The 2026 Ofcom release contains one finding that is qualitatively different from anything in the previous decade's reports: the proportion of UK adults who feel the personal benefits of being online outweigh the risks has fallen to 59%, down from 72% in 2025. The proportion who believe the internet is good for society sits at 33%, down from 40% the year before. Only 36% of social media users say that the platforms are good for their mental health.[13]

Sixty-seven per cent of UK adults say they sometimes spend too long on screens; forty per cent say it happens most days. Two-thirds of internet users have heard the term "doomscrolling"; 71% recognise the concept even where they do not use the word. The 2026 report quotes children describing the content they encounter on social platforms as "brain rot", a term that has entered general British conversation in the year covered.
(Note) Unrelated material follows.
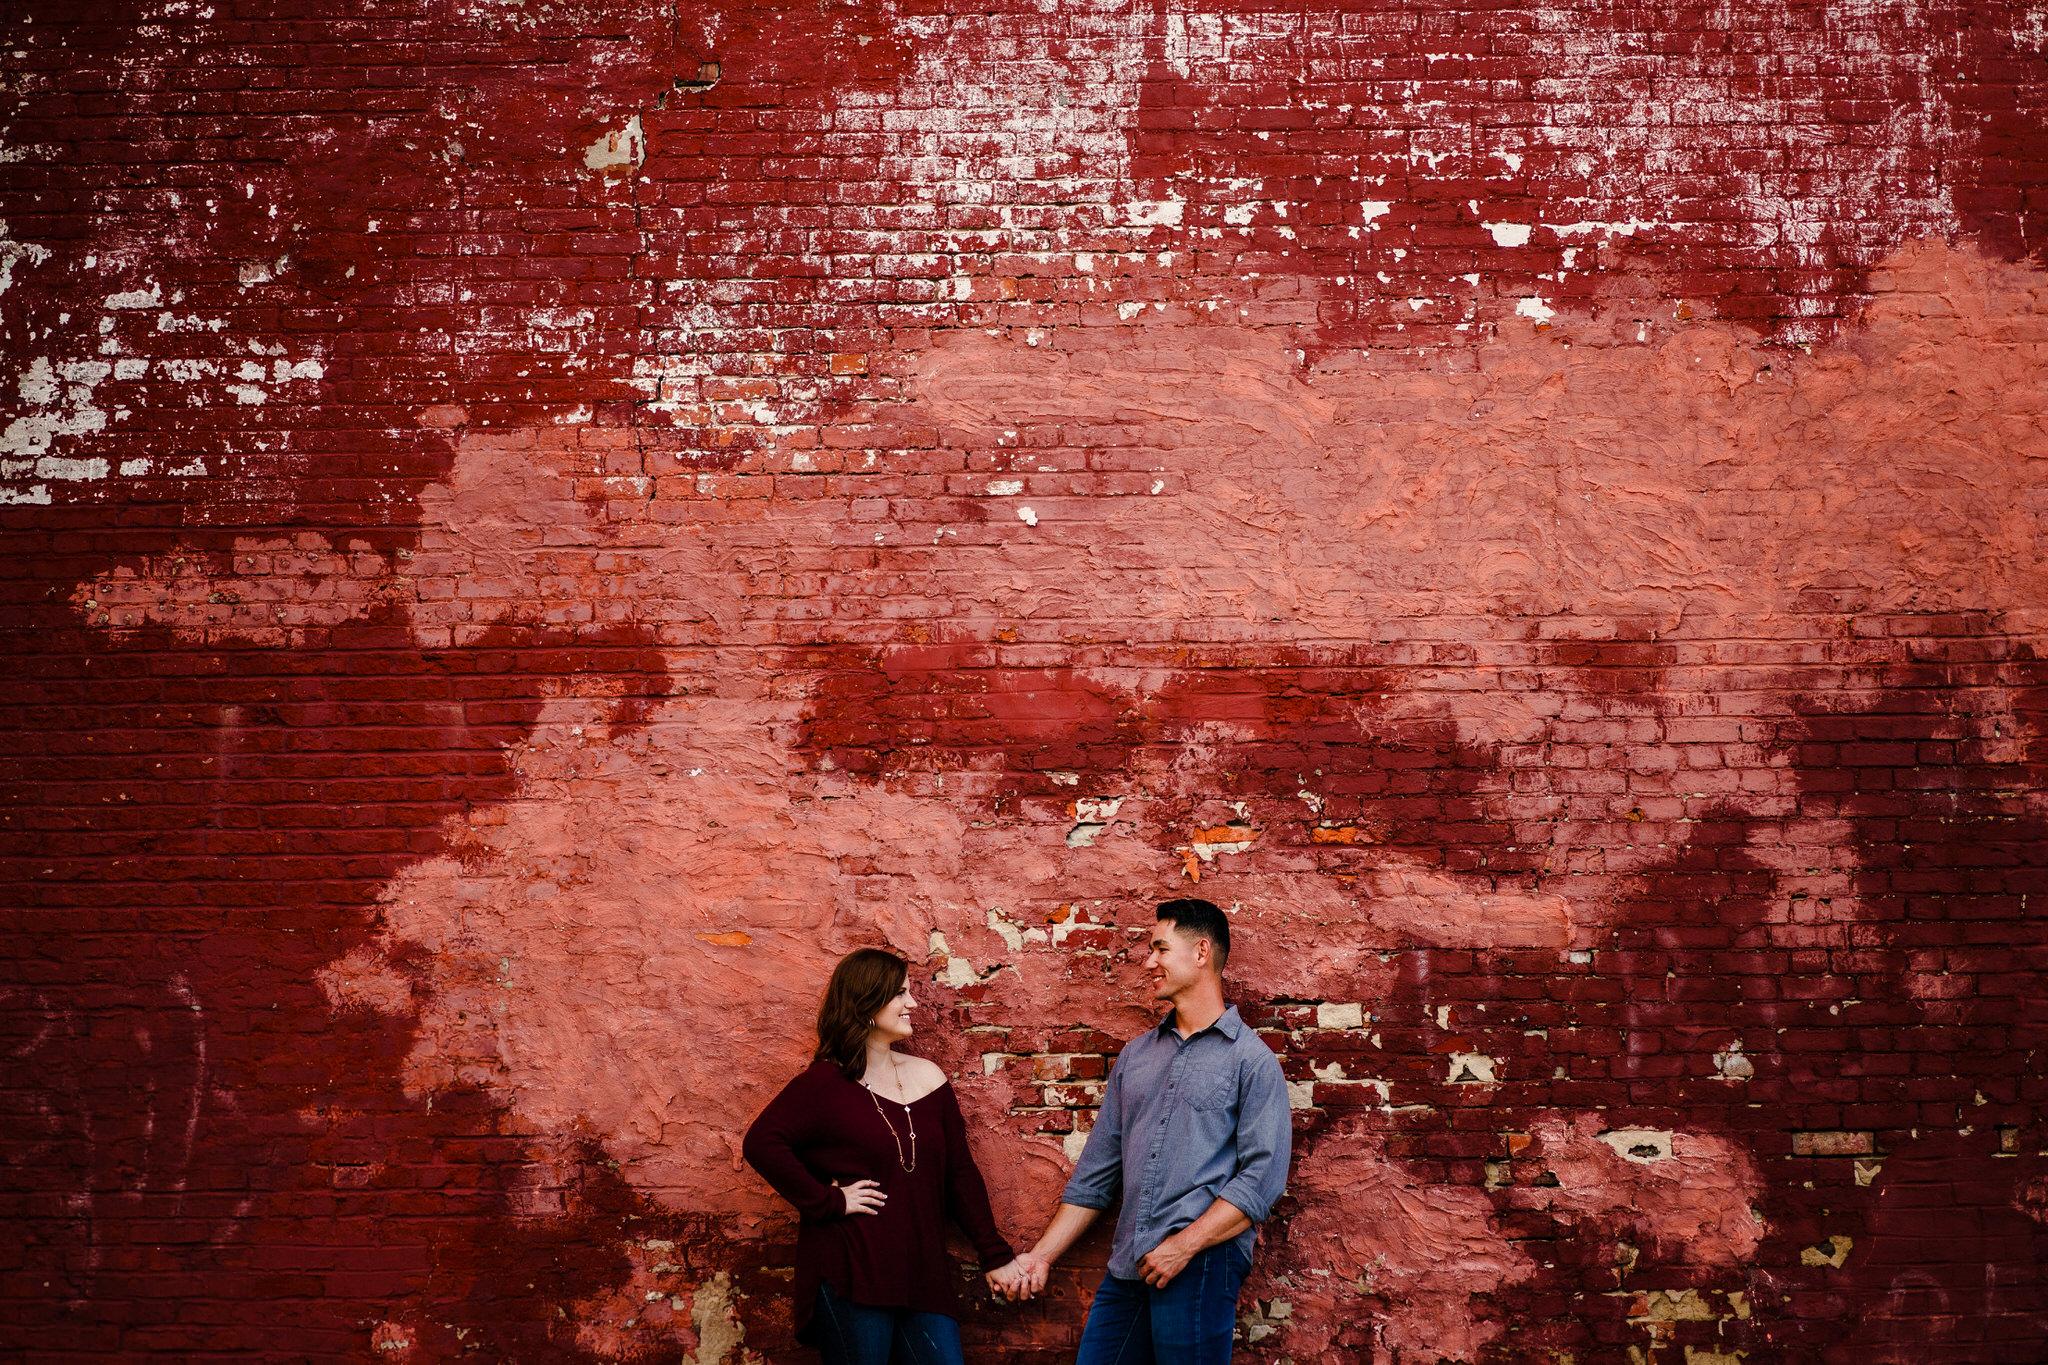 Shelby&Ye-New-Bern-Engagement-Photography-Chad-Winstead-002-1.jpg
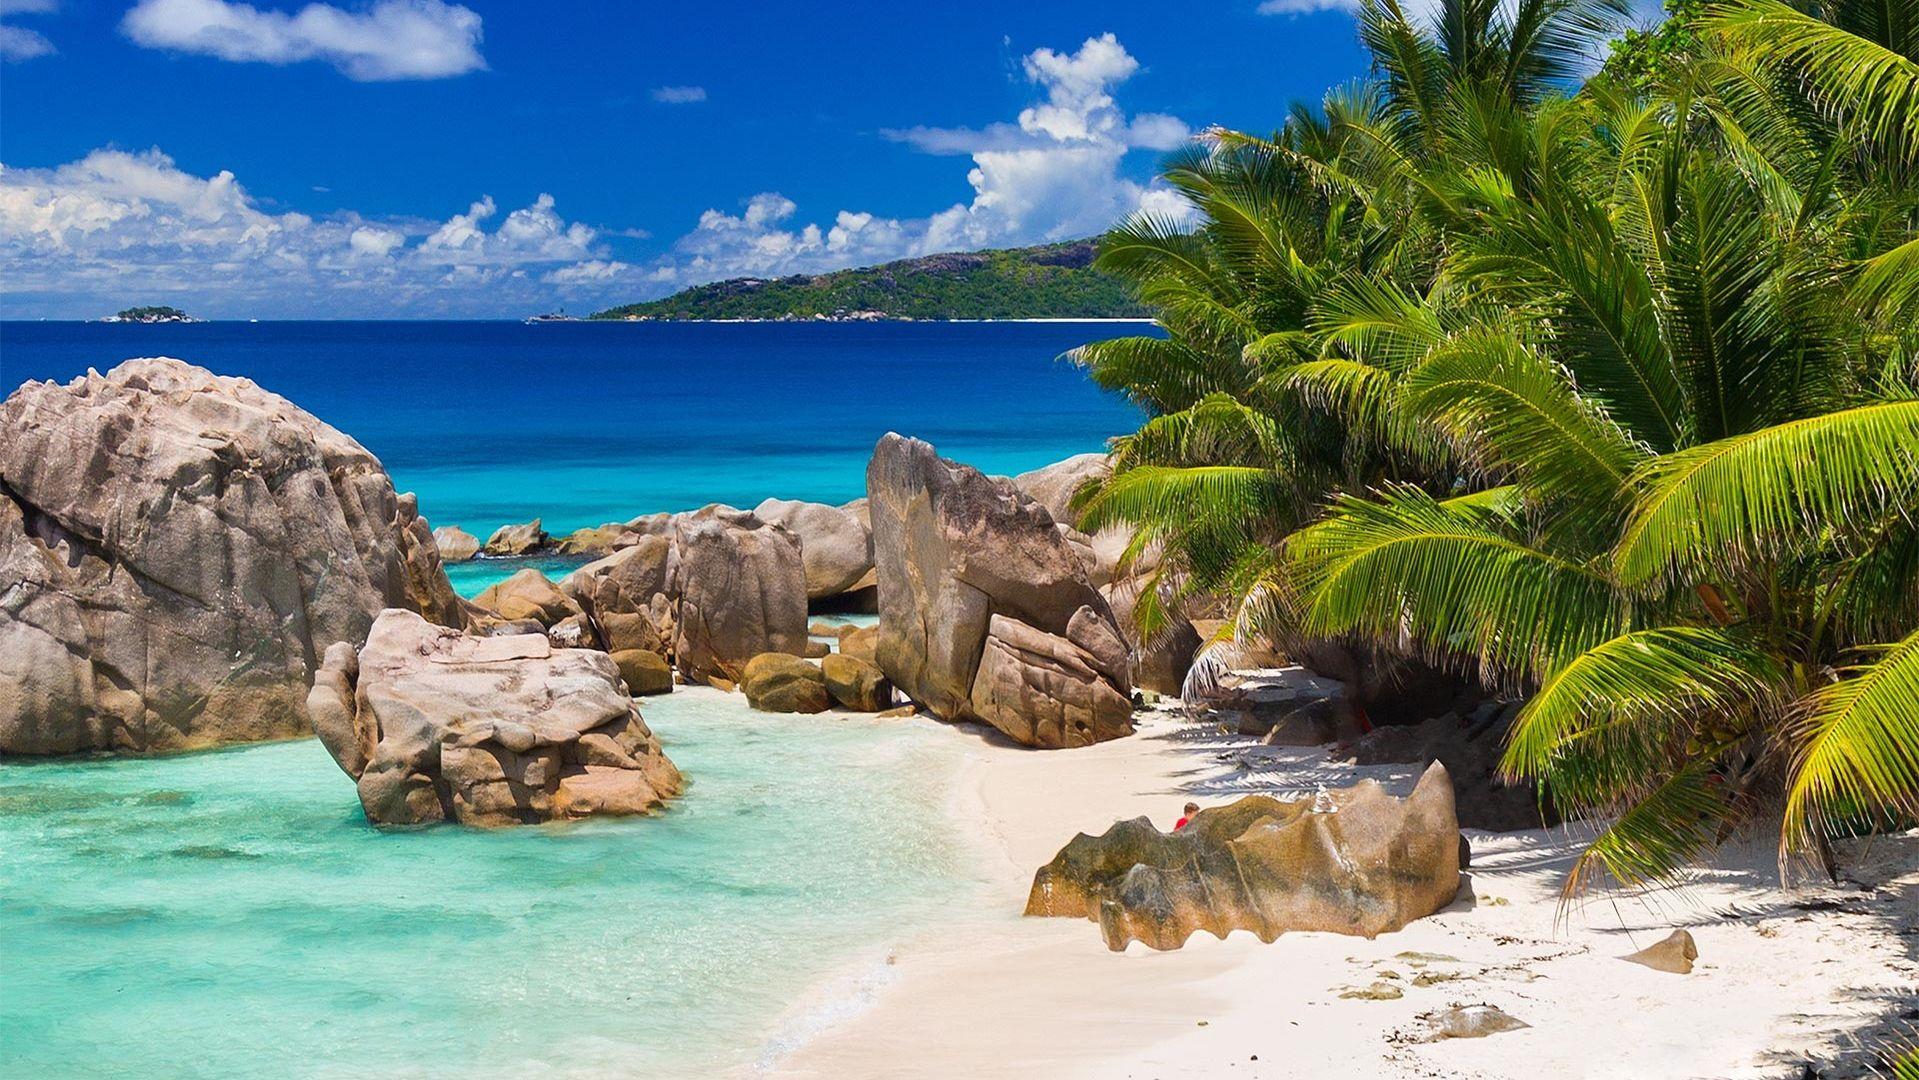 Sejur Luxury Seychelles cu Razvan Pascu, 11 zile - februarie 2022

The mood is not panic; it is something closer to ambient ambivalence.

Adults are less positive about the internet's societal impact than they were in 2024. — Ofcom, Adults' Media Use and Attitudes 2026, April 2026

This is the most consequential finding for any operator considering where to invest attention in 2026. The British online audience is larger than it has ever been, spends more time online than it has ever spent, has more bandwidth available than ever before, and is at the same time measurably less convinced that any of this is, on balance, doing it good. The implication is not that digital engagement is about to fall (the headline minutes continue to rise) but that the audience is increasingly selective about which surfaces it returns to and which it abandons. Trust and clarity are doing more of the work; novelty and reach are doing less.

VI  ·  What this means for the next operator

Several practical observations follow from the figures above, for anyone planning to launch, rebrand, or reposition a service into the UK consumer market in 2026.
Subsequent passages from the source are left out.